414. Third Maximum Number

Given a non-empty array of integers, return the third maximum number in this array. If it does not exist, return the maximum number. The time complexity must be in O(n).

Example 1:

Input: [3, 2, 1]

Output: 1

Explanation: The third maximum is 1.

Example 2:

Input: [1, 2]

Output: 2

Explanation: The third maximum does not exist, so the maximum (2) is returned instead.

Example 3:

Input: [2, 2, 3, 1]

Output: 1

Explanation: Note that the third maximum here means the third maximum distinct number.
Both numbers with value 2 are both considered as second maximum.

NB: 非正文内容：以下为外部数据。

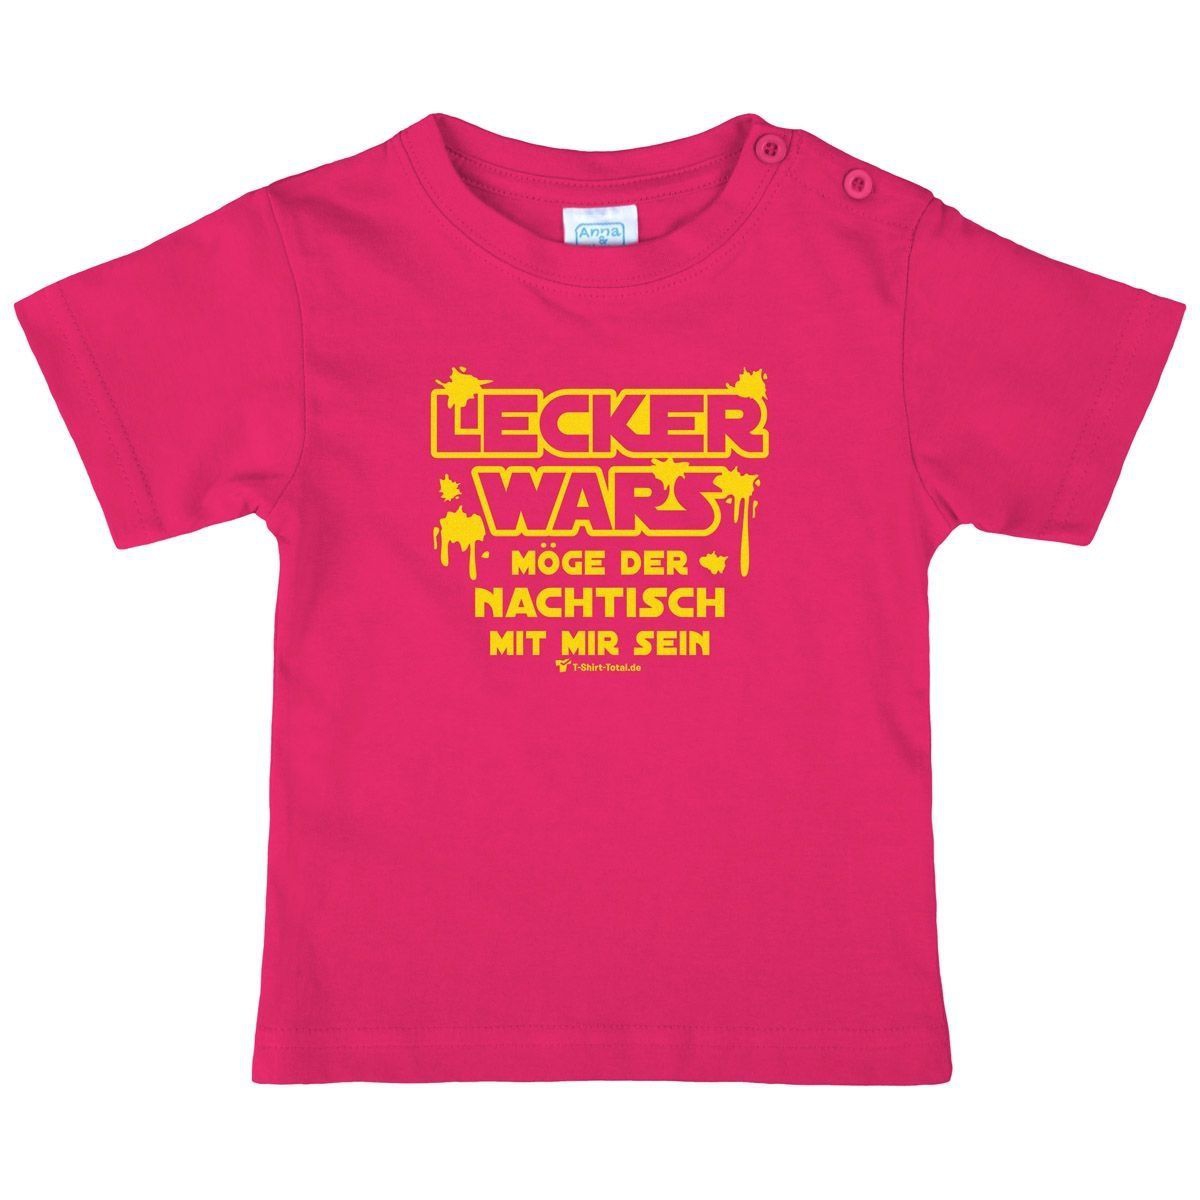 Lecker wars Kinder T-Shirt pink 68 / 74
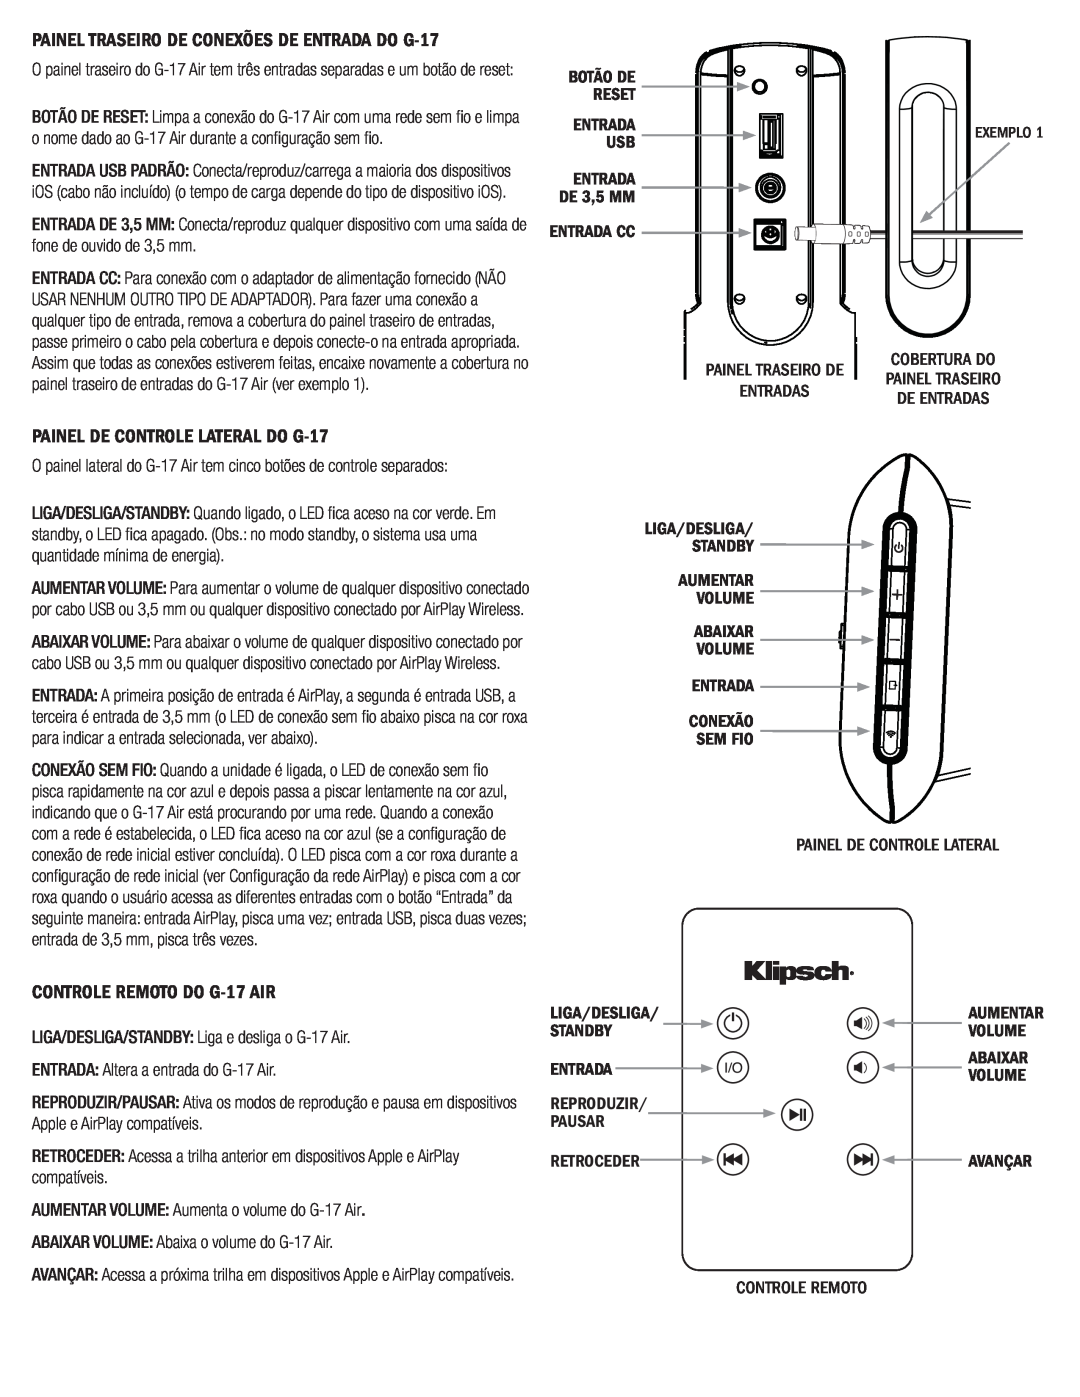 Klipsch G-17 AIR owner manual PAINEL DE CONTROLE LATERAL DO G-17, CONTROLE REMOTO DO G-17AIR

解题思路为采用三个变量来记录最大，次大和第三大的数。

注意点是：

1. 采用Integer，这样可以判断是否存在第三大的值；
2. 重复的值需要处理。

public class Solution {
    public int thirdMax(int[] nums) {
        Integer max1 = null;
        Integer max2 = null;  
        Integer max3 = null;
        for(Integer n : nums) {
            if(n.equals(max1) || n.equals(max2) || n.equals(max3)) continue; // skip duplicates
            if(max1 == null || n > max1) {
                max3 = max2;
                max2 = max1;
                max1 = n;
            } else if(max2 == null || n > max2) {
                max3 = max2;
                max2 = n;
            } else if(max3 == null || n > max3) {
                max3 = n;
            }
        }
        return max3 == null ? max1 : max3;
    }
}